Chi devolve i gettoni, in tutto o in parte in beneficenza, o a cause specifiche, e chi li tiene per il lavoro svolto durante le commissioni o il consiglio comunale.
Il Comune ha stanziato per il 2026 un totale di circa 71 mila euro destinati all’attività dei consiglieri comunali, in particolare ai gettoni di presenza per la partecipazione alle sedute del Consiglio e delle Commissioni.

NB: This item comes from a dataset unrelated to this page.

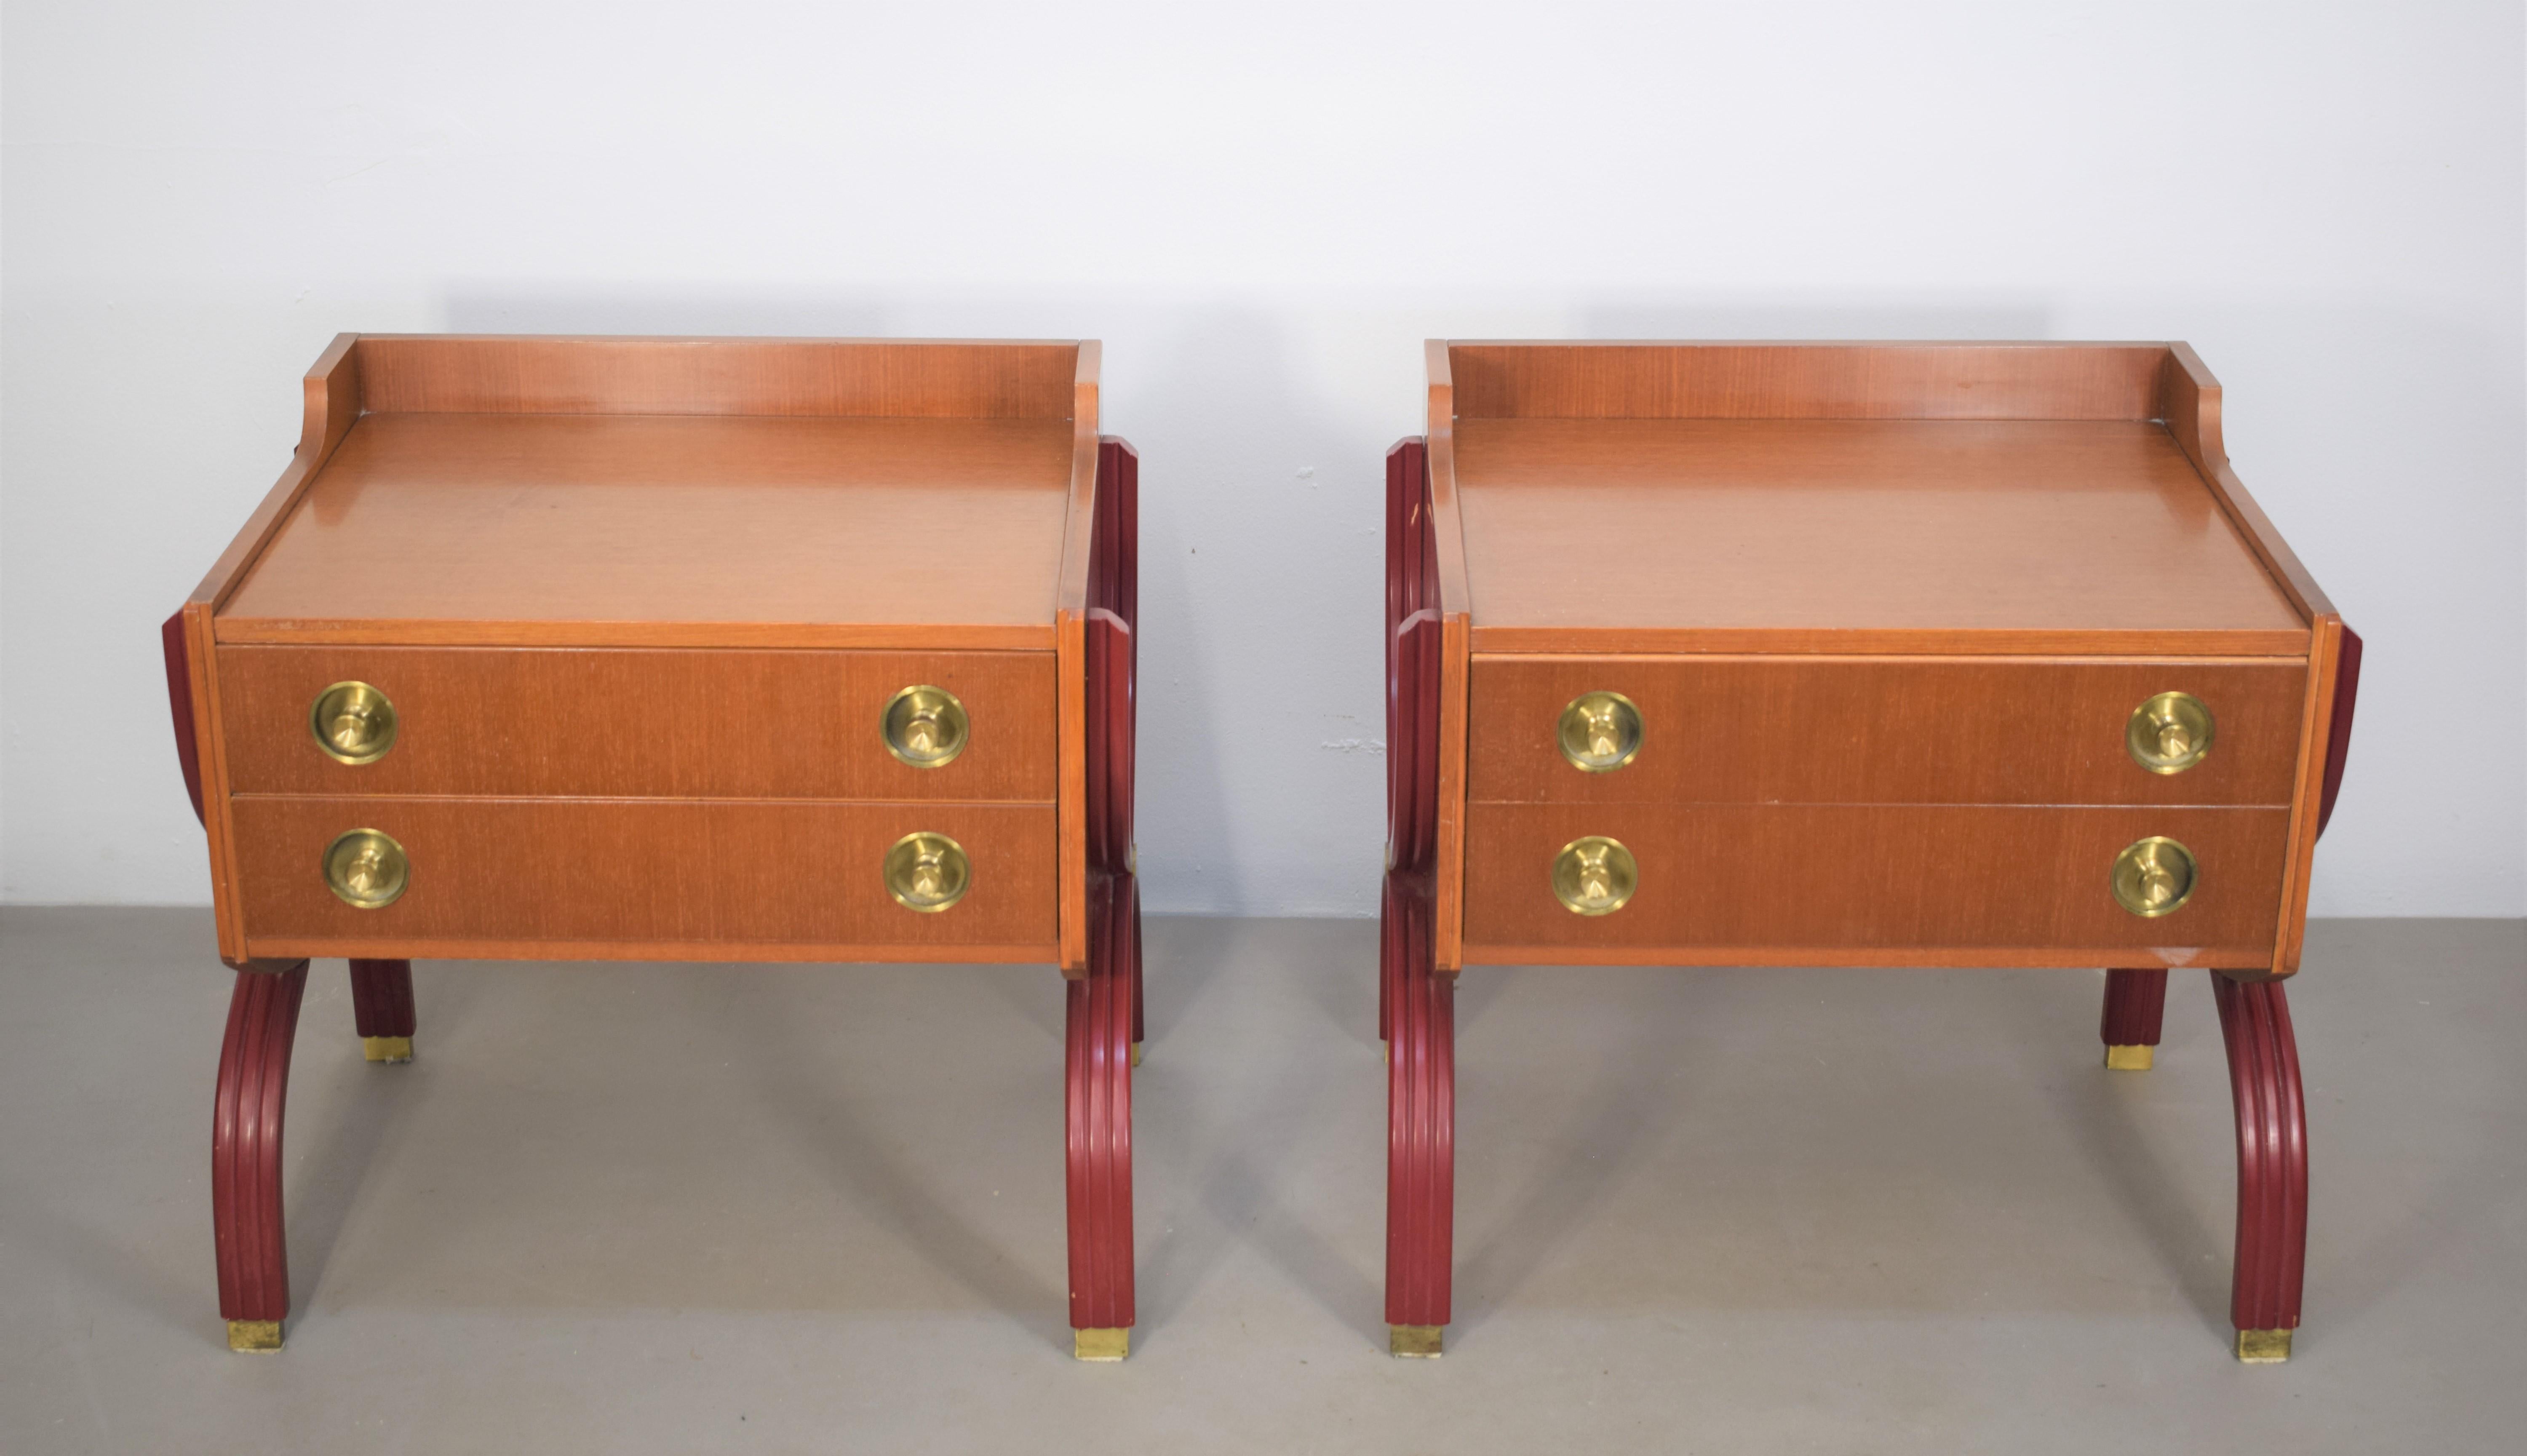 Pair of Italian nightstands, 1970s.

Dimensions: H= 54 cm; W= 55 cm; D= 42 cm.

La fetta più consistente delle risorse è destinata alle Commissioni Consiliari Permanenti, per le quali risultano impegnati circa 35.000 euro, mentre per le sedute del Consiglio Comunale la somma prevista è di circa 28.000 euro. A completare il quadro economico si aggiungono circa 8.000 euro accantonati per il versamento dell’IRAP, l’imposta regionale sulle attività produttive.
Ma quanto “guadagna” concretamente un amministratore locale per ogni seduta? I gettoni di presenza sono pari a 90 euro lordi per ogni partecipazione al Consiglio Comunale e a 76,50 euro lordi per la presenza alle Commissioni consiliari. Si tratta di importi lordi, sui quali vengono poi applicate le ritenute fiscali previste dalla normativa vigente, con la conseguente riduzione della somma effettivamente percepita dai singoli consiglieri.